13. Contracts need extra care

Sometimes a company will want you to sign a contract. Sometimes a contract is essential and should not, or cannot, be avoided (like for a book deal). But some companies want you to sign a contract for something less significant. Understand that signing a contract brings things to a whole new level.

Personally, I shy away from many smaller contracts because I simply don’t like being bound by them. For example, I’ve known a fair number of bloggers who have contracted with ad networks only to realize the ads served are really not a good fit for them, but they are stuck in it for a year. Sometimes they aren’t allowed to pursue other ad options while under contract. Sometimes the ads that pop up on their site are not appropriate and they have to contact the ad network to take them down (while the ad remains on their site in the meantime). Sometimes they don’t get paid in a timely fashion.

All that to say, read and understand a contract fully before you sign it. Of course, get everything in writing. Again, take note of the companies others have had trouble with. Consult a lawyer and/or accountant if you’re unsure of what you’re signing.

14. Disclose

If you do partner with a company or individual, make sure you adequately disclose that relationship to your readers. I wrote more about that here.

15. Remember, there are other fish in the sea

Hopefully all goes well with any opportunity you pursue. However, things don’t always turn out as you hope. In that case, don’t be discouraged. There is no shortage of great companies and individuals to work with. Opportunity abounds and it’s unlikely turning down one pitch or having one bad experience is going to make or break your blog. Oftentimes, the disappointments make for the best learning.

15 thoughts on “What is a Pitch and How Do I Know if It’s Good?”

  1. I have a feeling this series is going to help me with the “traid blogger network” email that I got after my guest on Money Saving Mom appeared. I tried Google but it really wasn’t much help. Their website looks legit. What i don’t like about it is that it says that it works on a point system? and that I will get opportunities for free product, but no mention of getting paid money.

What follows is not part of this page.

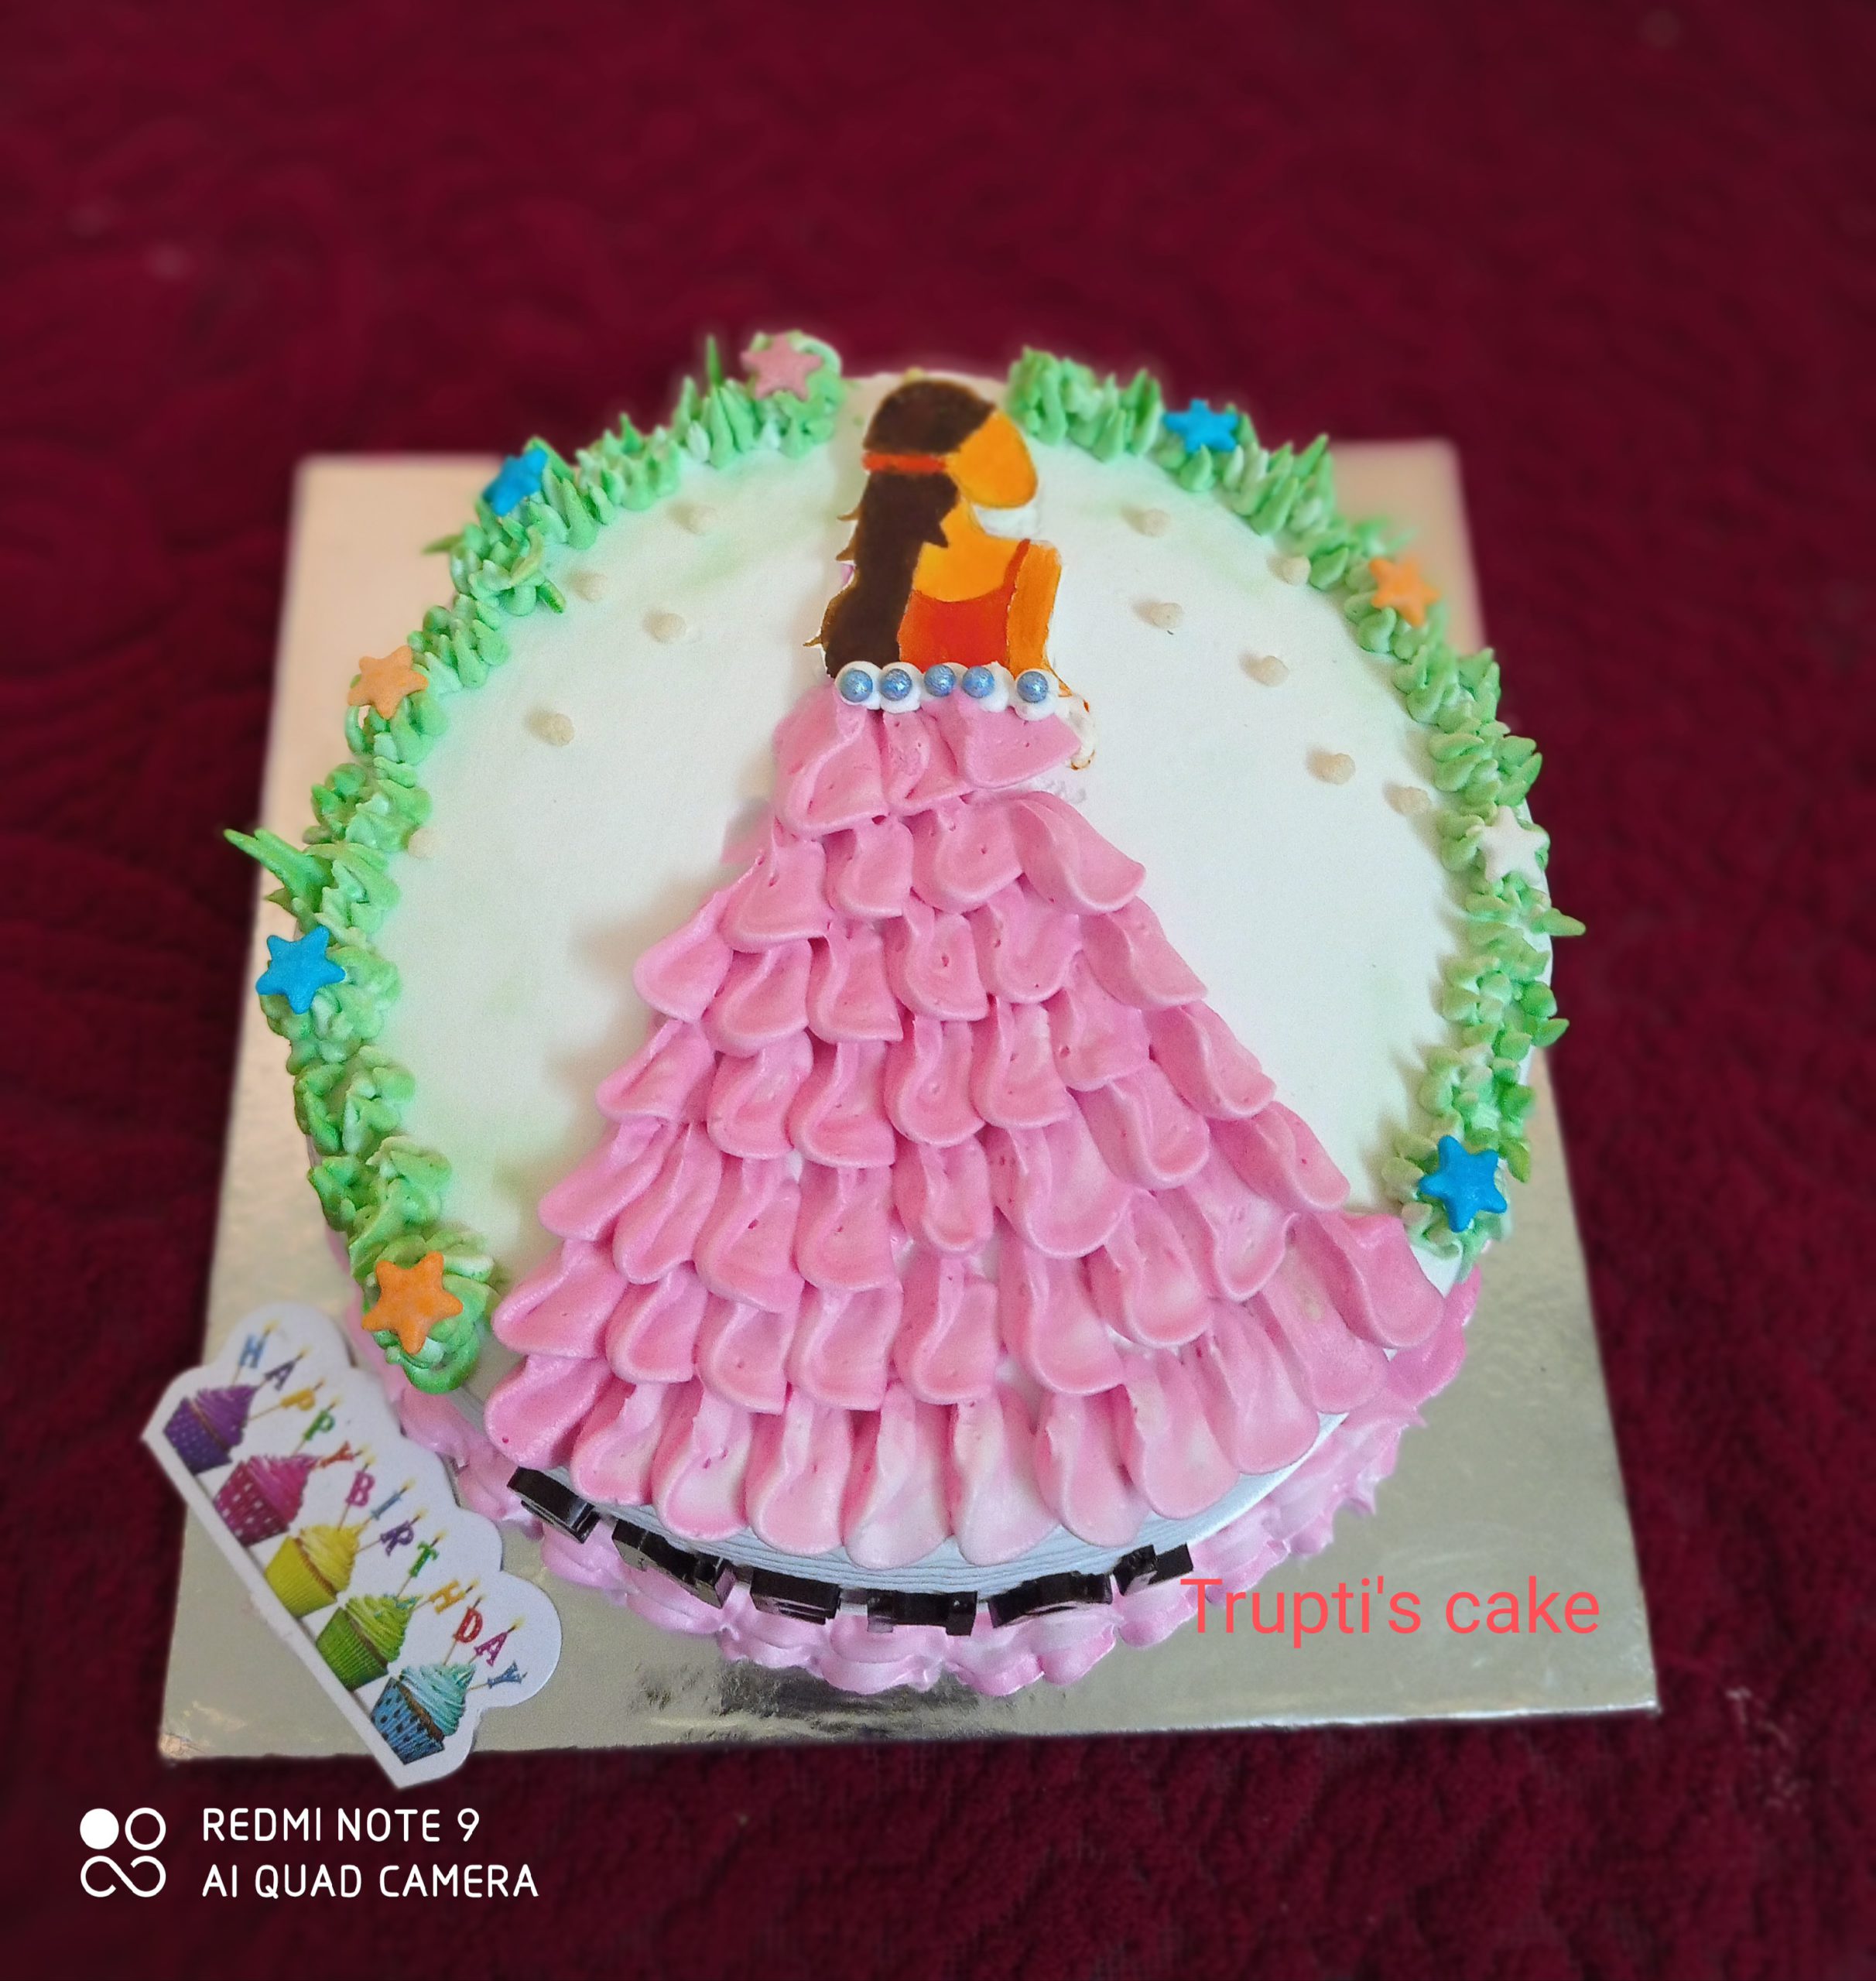 Pineapple Flavour Cake Designs, Images, Price Near Me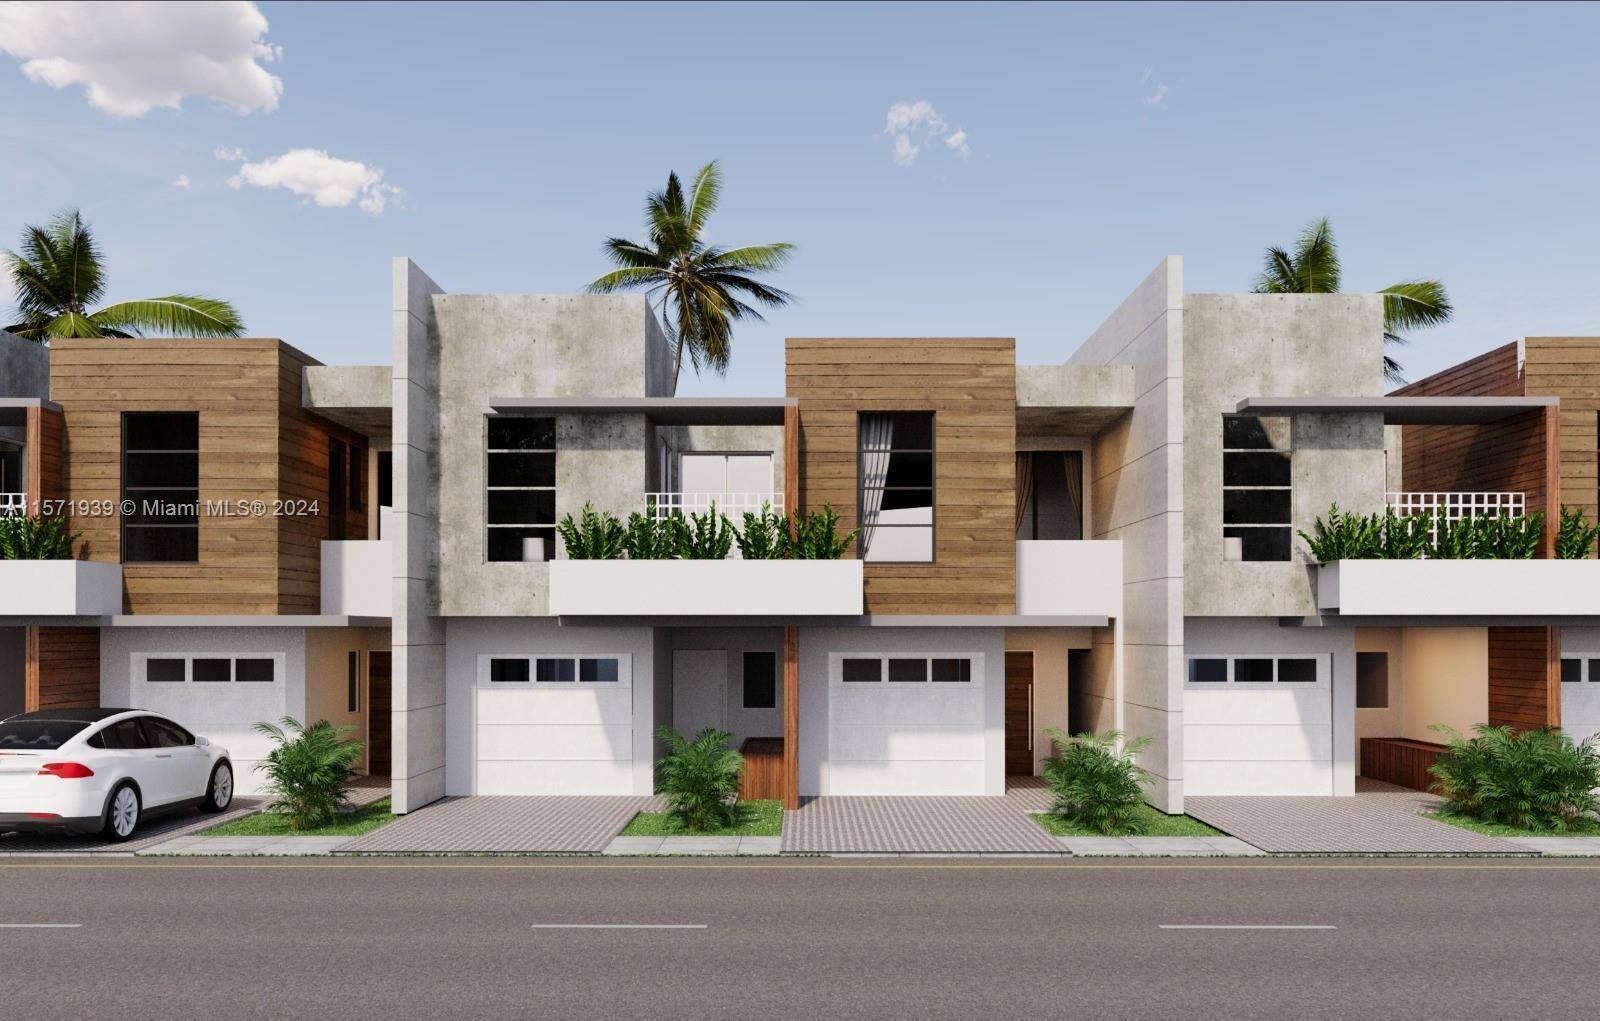 The subject property is an outstanding investment opportunity featuring eight brand new luxury townhomes situated in the highly sought after area of Hollywood, Florida.

  2. I would also add, because I’ve been getting lots of emails like this recently, that if someone is requesting to guest post on your site and they say they won’t charge you a penny, or it won’t cost you anything, *all* you need to do is provide a link back to their site – that is not a legitimate pitch.
    Any time someone is offering to “help” me out – or says, “it won’t cost you a penny”‘ – like I’m getting this sweet free deal or something – that is not something or someone I am interested in working with. It’s actually kind of insulting. I do respond and say that I don’t accept guest posts that have the sole intention of my site providing a link to theirs. I offer them my media kit, if they are interested in legitimate advertising or post sponsorship – but I’ve never heard anything back. That’s when you know it wasn’t legit to begin with!
    Thanks for these great tips Amy!

  3. Thanks for an answer on link exchanges… I was offered a couple a while back and they just sounded odd… especially since the sites weren’t directly related to my blog topic. Glad I steered clear!

  4. This post was so timely for me! I recently received my first “pitch” for a blog post sponsorship. The first email was so vague “our client reviewed your blog” no client name. Then when I inquired further I received no info on the client – just guidelines for the the post and what I would be paid – $5 for 250 words minimum! Delete. Maybe I am wrong, but without knowing anymore $5 for 250 words just seemed like it is not worth my time or effort.

  5. Thanks for the help Amy! I appreciate it! I still haven’t really decided on the email I got, but if it’s legit, I’m sure they won’t mind waiting.

  6. Great Advice as usual Amy, especially number 3 and number 1 since they always seem to go hand in hand. I have gotten my fair share of random emails that start of like this- “We have a publicity promo for your website…” or “Link Exchange Request…”

    They always seem to be the same thing. Some website that has about 200 links on the sidebar looking to get you to put them on your side bar. i don;t think that bodes well for SEO in your favor, in fact it might just hurt it.